K _{ID_A, ID_B} = f (ID_A, y) | _{y = ID_B} = f (ID_B, y) | _{y = ID_A} (Formula 1)
It is.

Note that only entities carrying correlated αSKM can agree on a common secret. In this way, the two entities are considered to belong to the same security domain if they are correlated, i.e. have αSKMs generated from the same KM ^root . The security domain (SD) can represent the entire WSN (ownership of the feature) or can be determined by the location of the entity in the WSN. Other alpha secure schemes allow some information to be linked to the material used to generate the key to provide advanced identification or access control capabilities.

  However, known methods and protocols do not provide a method for revoking nodes and keys. Zigbi wireless control and sensor networks are used in many scenarios such as lighting control or patient monitoring. In order to comply with legal requirements such as HIPAA in the United States, security and privacy are essential for wireless systems. An important factor for achieving strong security is to provide a simple and consistent key distribution scheme (KDS). In recent years, several key distribution methods have been introduced to enable efficient key agreement between wireless sensors and actuator nodes. However, the known methods lack tools and methods for efficiently revoking compromised nodes and keys from the network. This is particularly troublesome in ZigBee where there is no specific solution for this purpose.

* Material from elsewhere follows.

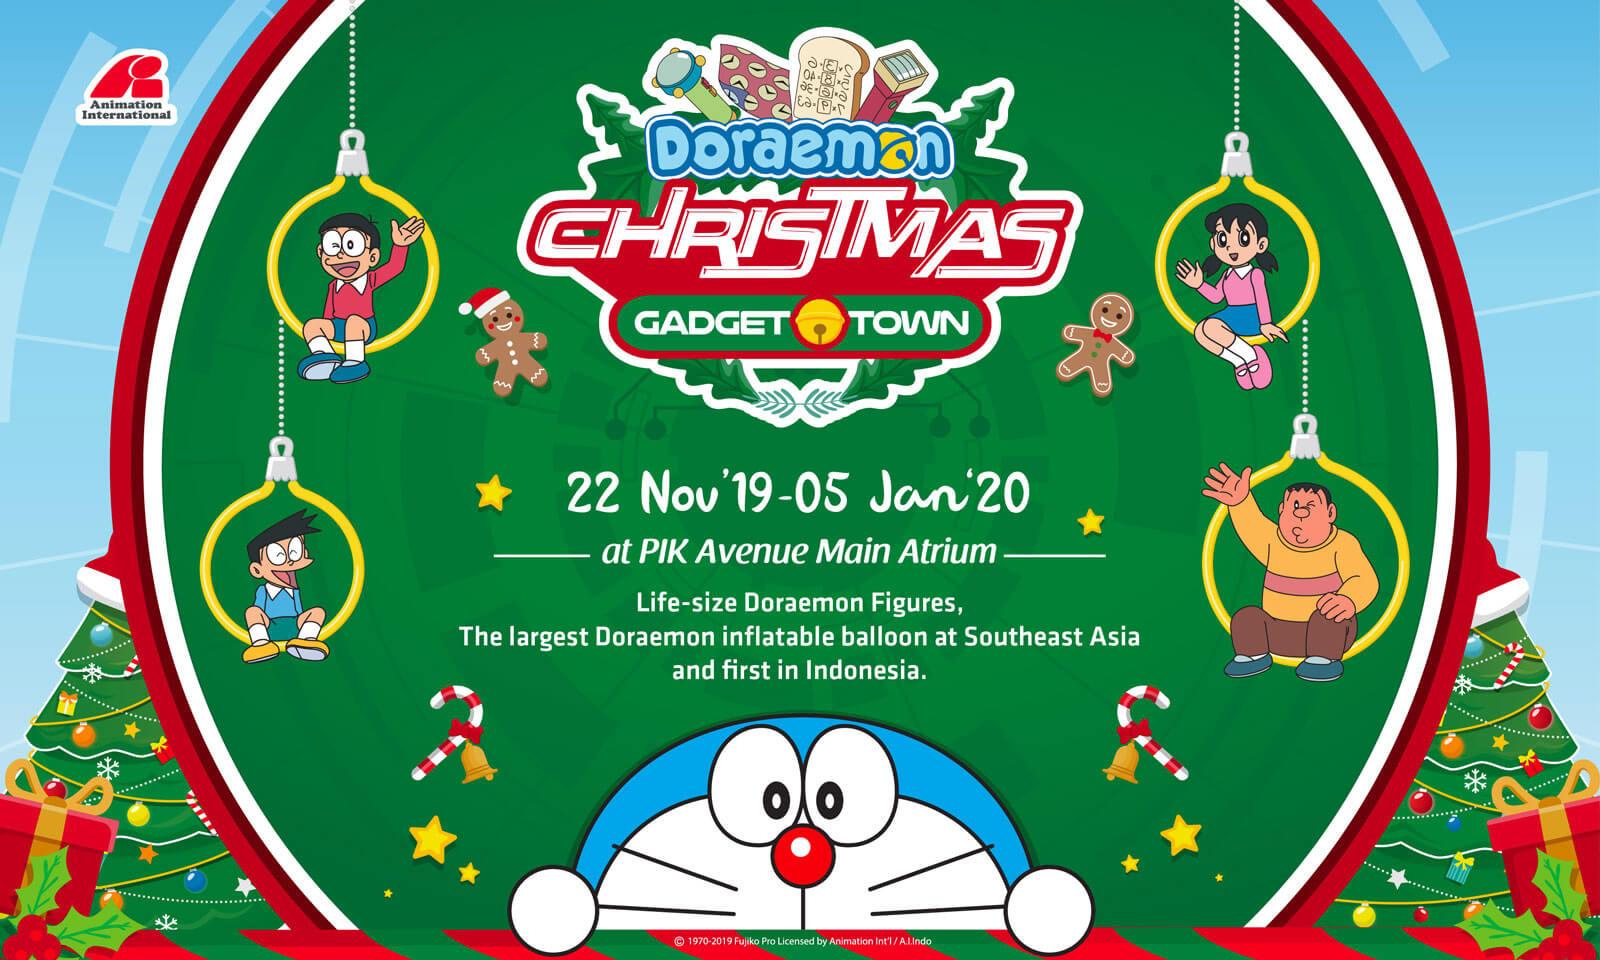 Doraemon Christmas Gadget Town

  For example, ZigBee only provides link key rewriting and network key renewal. For a λ secure system (eg, based on a polynomial), if the polynomial is compromised, the entire system can be compromised. For example, if a polynomial is to be updated, send bulky key processing material (up to several kilobytes of data, depending on different parameters) to every node in the network that contains the polynomial in its key processing material Although necessary, no means for optimizing such processing is provided.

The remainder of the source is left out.